Optimizing matrix multiplication for GPU

How would you do that? I tried the following

    bsz = te.var('bsz')
    d1 = te.var('d1')
    d2 = te.var('d2')
    d3 = te.var('d3')
    A = te.placeholder((bsz, d1, d3), name='A', dtype='float32')  # first tensor
    B = te.placeholder((bsz, d2, d3), name='B', dtype='float32')  # second tensor
    R = topi.nn.batch_matmul(A, B)
    with tvm.target.cuda():
        s = topi.cuda.schedule_reduce(R)

but got

Traceback (most recent call last):

  File "scripts/band_mm_minimal.py", line 94, in <module>
    mm_fun_topi = _compile_function_topi()

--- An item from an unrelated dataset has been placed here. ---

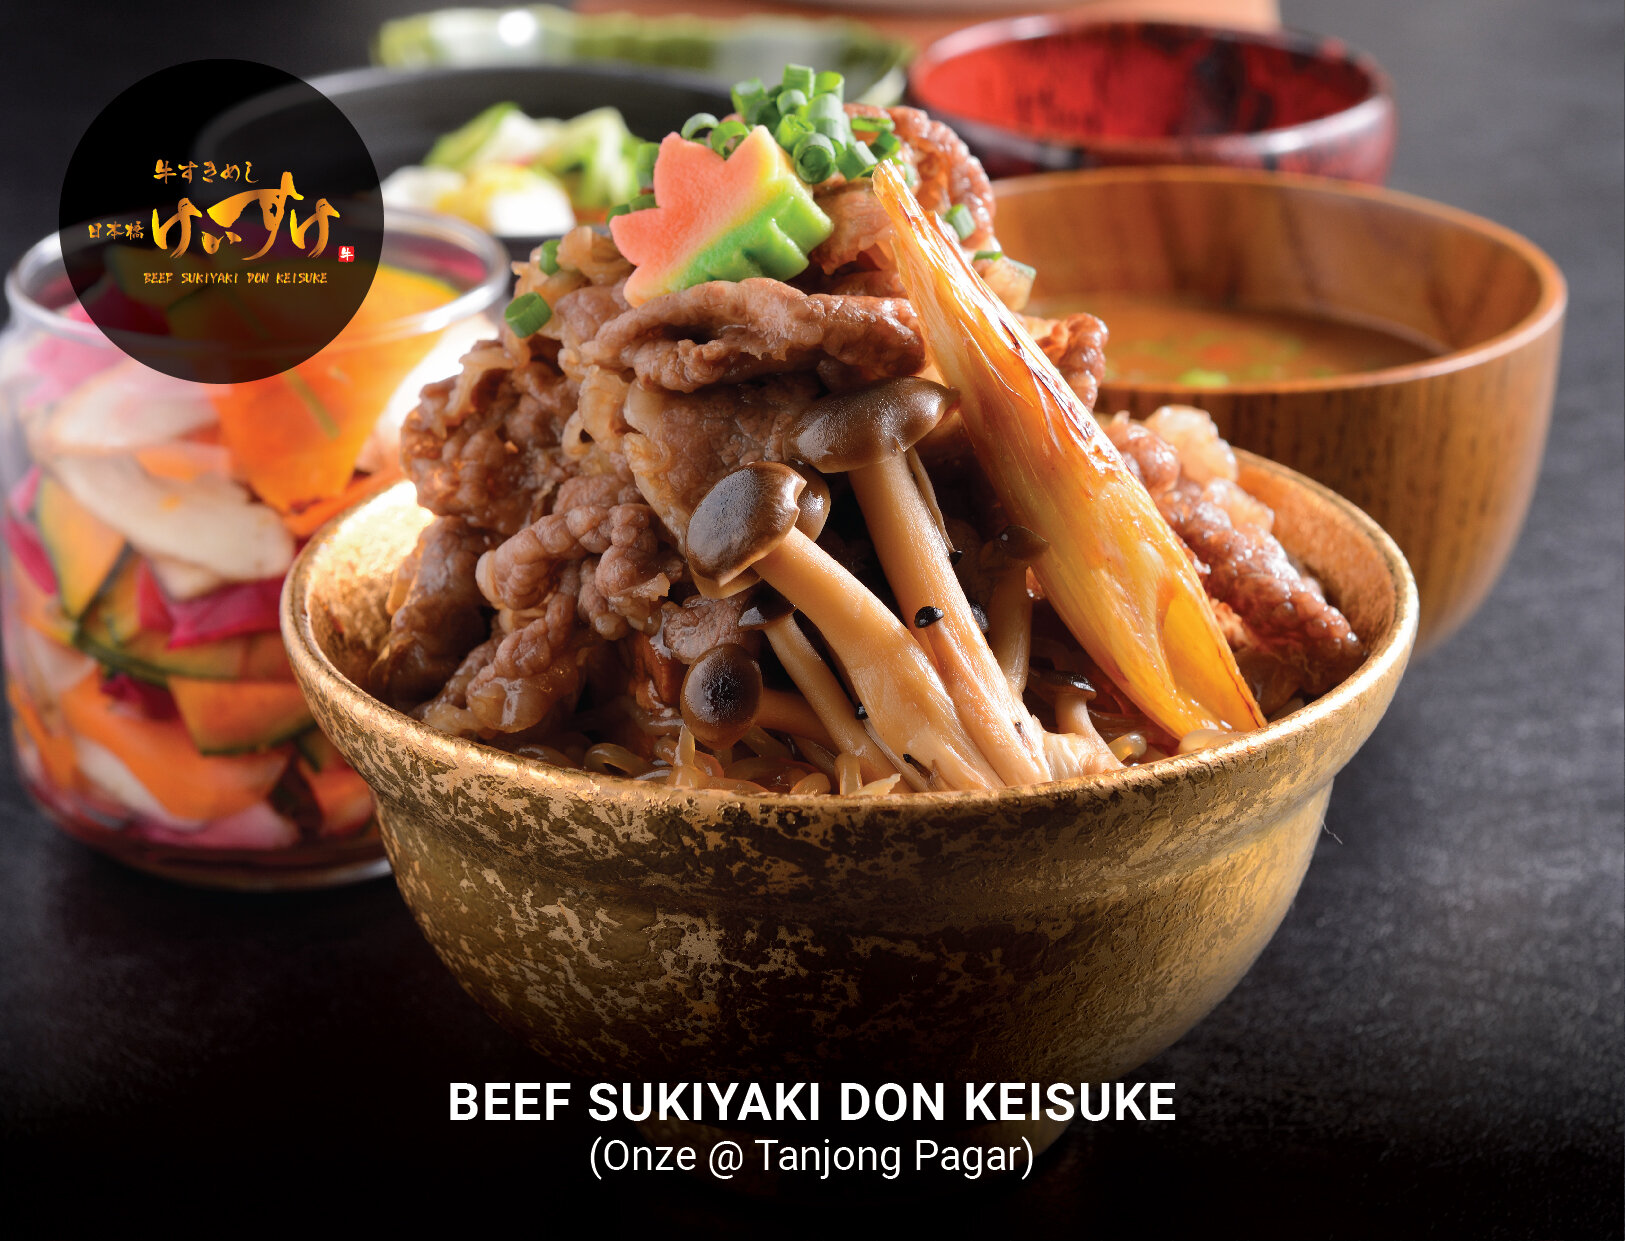 Beef Sukiyaki Don Keisuke

  File "scripts/band_mm_minimal.py", line 63, in _compile_function_topi
    s = topi.cuda.schedule_reduce(R)

  File "/usr/tvm/topi/python/topi/cuda/reduction.py", line 147, in schedule_reduce
    traverse_after_reduce(outs[0].op)

  File "/usr/tvm/topi/python/topi/cuda/reduction.py", line 143, in traverse_after_reduce
    raise RuntimeError("Unsupported operator: %s" % operator.tag)

RuntimeError: Unsupported operator: batch_matmul

Which schedule should I use?